I experimented with describing functors and monads in Rust, which resulted in the fmap
crate. It's more of an experiment rather than a real plan to bring functional programming to Rust.
I did experience some difficulties and recently also made an interesting discovery:
First of all, It is sometimes tough for the compiler to figure out that two types are equal (or to allow the compiler to even have enough information to infer that two types will be equal). Consider this example that I basically had to go through in the other thread:
pub trait Functor<'a, B> {
type Inner: 'a;
type Mapped;
fn fmap<F>(self, f: F) -> Self::Mapped
where
F: 'a + Send + FnMut(Self::Inner) -> B;
}
impl<'a, A, B> Functor<'a, B> for Vec<A>
where
A: 'a,
B: 'a,
{
/* … */
}
fn double_inner_i32<'a, T>(functor: T) -> T
where
T: Functor<'a, i32, Inner = i32>,
// One possible fix:
// T: Functor<'a, i32, Inner = i32, Mapped = T>,
{
functor.fmap(|x| x * 2)
}
fn main() {
let mut vec = vec![1, 2, 3];
vec = double_inner_i32(vec);
println!("doubled vec = {:?}", vec);
}
(Playground)
While the extra Mapped = T
constraint may be bearable in this case, it can become much more complex and difficult, which I will get back to.
Another thing I just recently discovered is that while in a functional programming language, we seem to have a hierarchy "Monad is an Applicative Functor is a Functor", this might not make that much sense in a non-purely-functional language such as Rust. That is because if we assume this hierarchy, we would need to be able to express the applicative functor's "apply" method in terms of the monad's "bind" method. How would this look like? The following is more or less pseudo-code (I'm still experimenting with it):
pub fn apply_using_bind<…>(
wrapped_closures: …,
wrapped_values: …,
) …
{
wrapped_closures.bind(move |inner_closure| {
wrapped_values.clone().fmap(inner_closure)
)
}
We need the clone()
call because the move
closure (that gets a closure as argument) may be called several times. Thus we will require an additional Clone
bound on the wrapped_values
.
We can observe this effect in the higher
crate in the implementation of one of Applicative
's supertraits here:
impl<'a, A> Apply<'a, A> for Vec<A>
where
A: 'a,
Vec<A>: Clone,
{
/* … */
}
Note the extra Clone
bound on Vec<A>
.
On the other hand, a Vec<A>
where A: !Clone
could totally be a monad, as shown in the implementation of Monad
for Vec
in my fmap
crate, where we don't require a Vec<A>: Clone
or A: Clone
bound:
impl<'a, A, B> Monad<'a, B> for Vec<A>
where
A: 'a,
B: 'a,
{
fn bind<F>(self, mut f: F) -> Self::Mapped
where
F: 'a + Send + FnMut(/* … */) -> /* … */,
{
let mut vec = Vec::new();
for item in self.into_iter() {
for item in f(item).into_iter() {
vec.push(item);
}
}
vec
}
}
This anomaly doesn't exist in a functional language like Haskell, because it's possible to copy/clone etc. every value.
Side note: The higher
crate introduces a Bind
trait (as alternative to Monad
, which requires Applicative
).
My conclusion is that when we deal with mutation, the hierarchy of typeclasses/traits will look differently (unless I made a mistake in my reasoning). In particular: not every monad seems to be an applicative functor (but a non-applicative functor) if we do allow that all values can be cloned/copied. Not sure if there are more implications following from this.

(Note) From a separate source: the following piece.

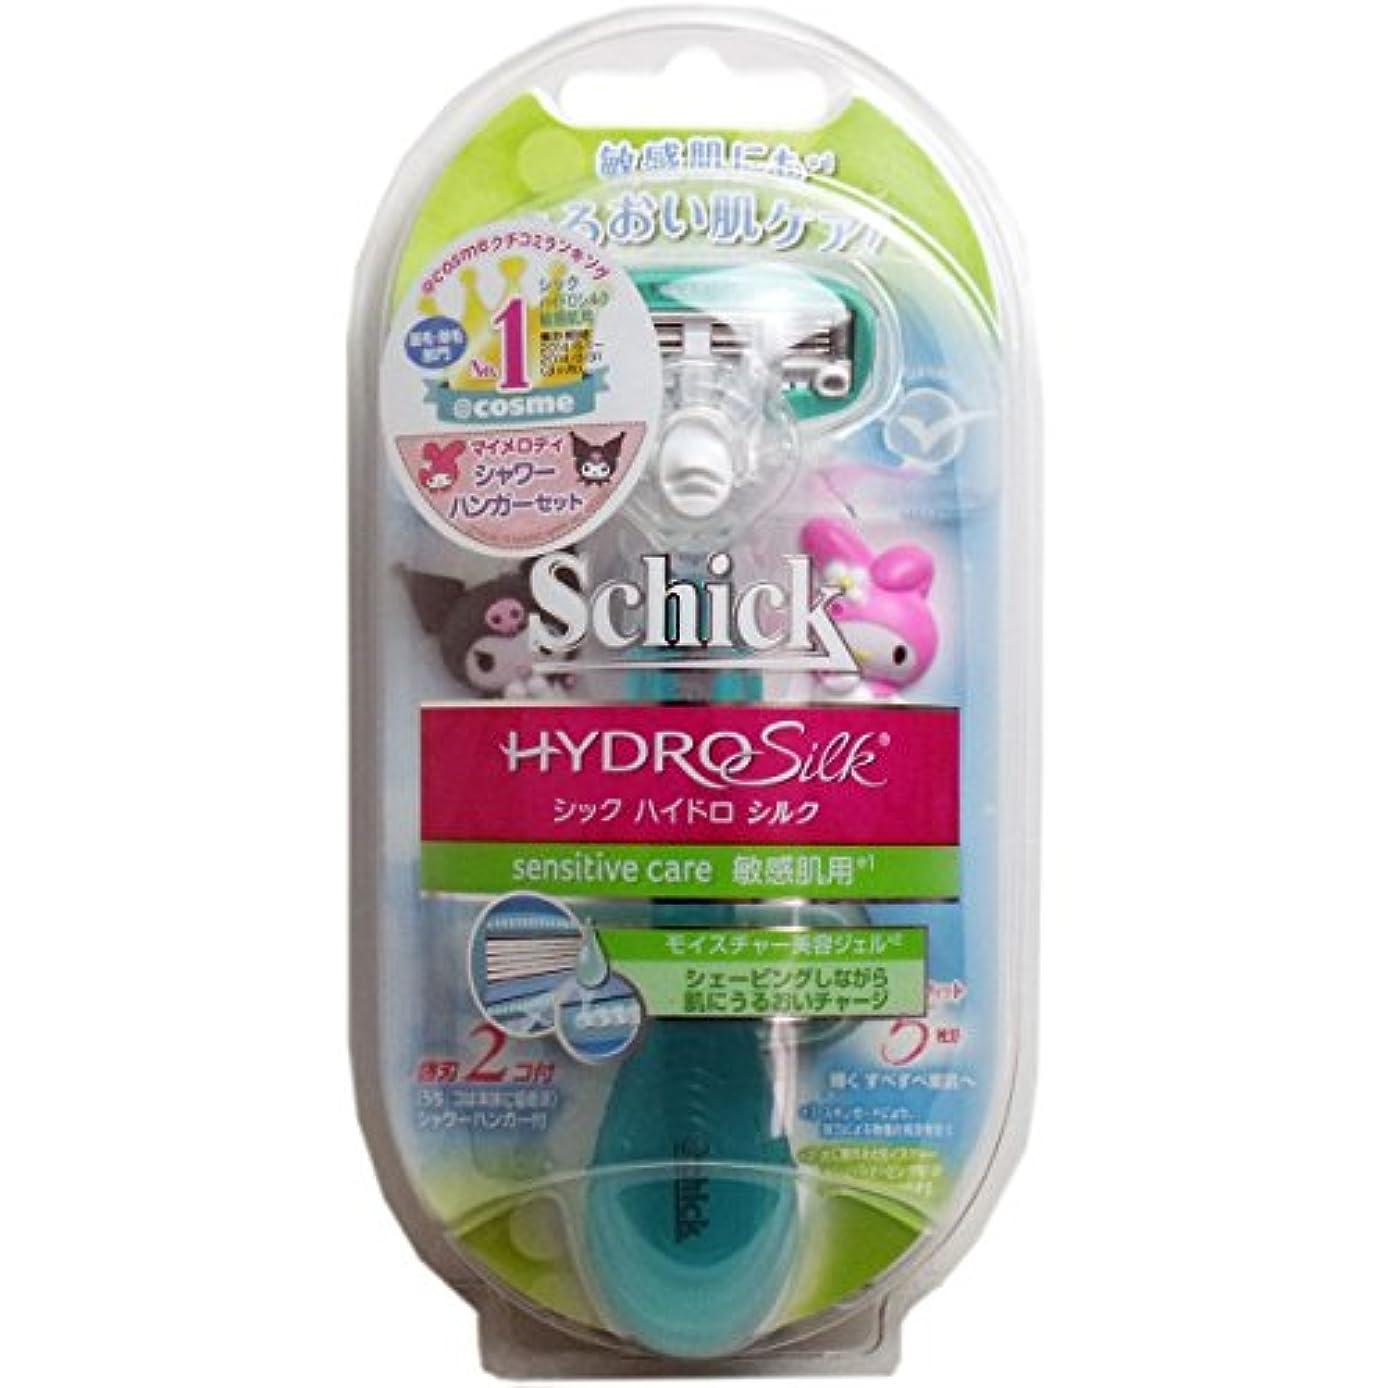 ブレンド味付けジャングルシック ハイドロシルク ホルダー 敏感肌用 替刃2個付×2個セット

But the bigger issue seem to be that Rust's type system currently makes reasoning about types hard and can force you to add more and more trait bounds that are difficult to comprehend (see fmap::NestedMonad
for an example):
pub trait NestedMonad<'a>
where
Self: Monad<'a, <Self::InnerMonad as FunctorSelf<'a>>::Inner>,
Self: FunctorSelf<'a>,
Self: Functor<
'a,
<Self::InnerMonad as FunctorSelf<'a>>::Inner,
FmapIn = Self::Inner,
Mapped = Self::Inner,
>,
{
/// Helper type always equal to [`Self::Inner`]
///
/// This type is needed to circumvent
/// [Rust issue #20671](https://github.com/rust-lang/rust/issues/20671).
///
/// [`Self::Inner`]: FunctorSelf::Inner
type InnerMonad: FunctorSelf<'a>;
/// Generic join
///
/// `.mjoin()` is equivalent to `.bind(|x| x)`.
fn mjoin(self) -> Self::Inner {
self.bind(|x| x)
}
}
impl<'a, T> NestedMonad<'a> for T
where
T: Monad<'a, <Self::Inner as FunctorSelf<'a>>::Inner>,
T: FunctorSelf<'a>,
T::Inner: FunctorSelf<'a>,
T: Functor<
'a,
<Self::Inner as FunctorSelf<'a>>::Inner,
FmapIn = Self::Inner,
Mapped = Self::Inner,
>,
{
type InnerMonad = Self::Inner;
fn mjoin(self) -> Self::Inner {
self.bind(|x| x)
}
}
In Haskell, this seems so much easier.
Maybe it's feasible to use higher
's monads and macros or fmap::Monad
, but I still have some doubts on usability when things get more complex. I think the main reason is that Rust (for a good reason) imposes a lot of work on the programmer to manually decide when values are cloned, when they are referenced (exclusively or in a shared manner), etc. This could make functional-style programming difficult, I guess.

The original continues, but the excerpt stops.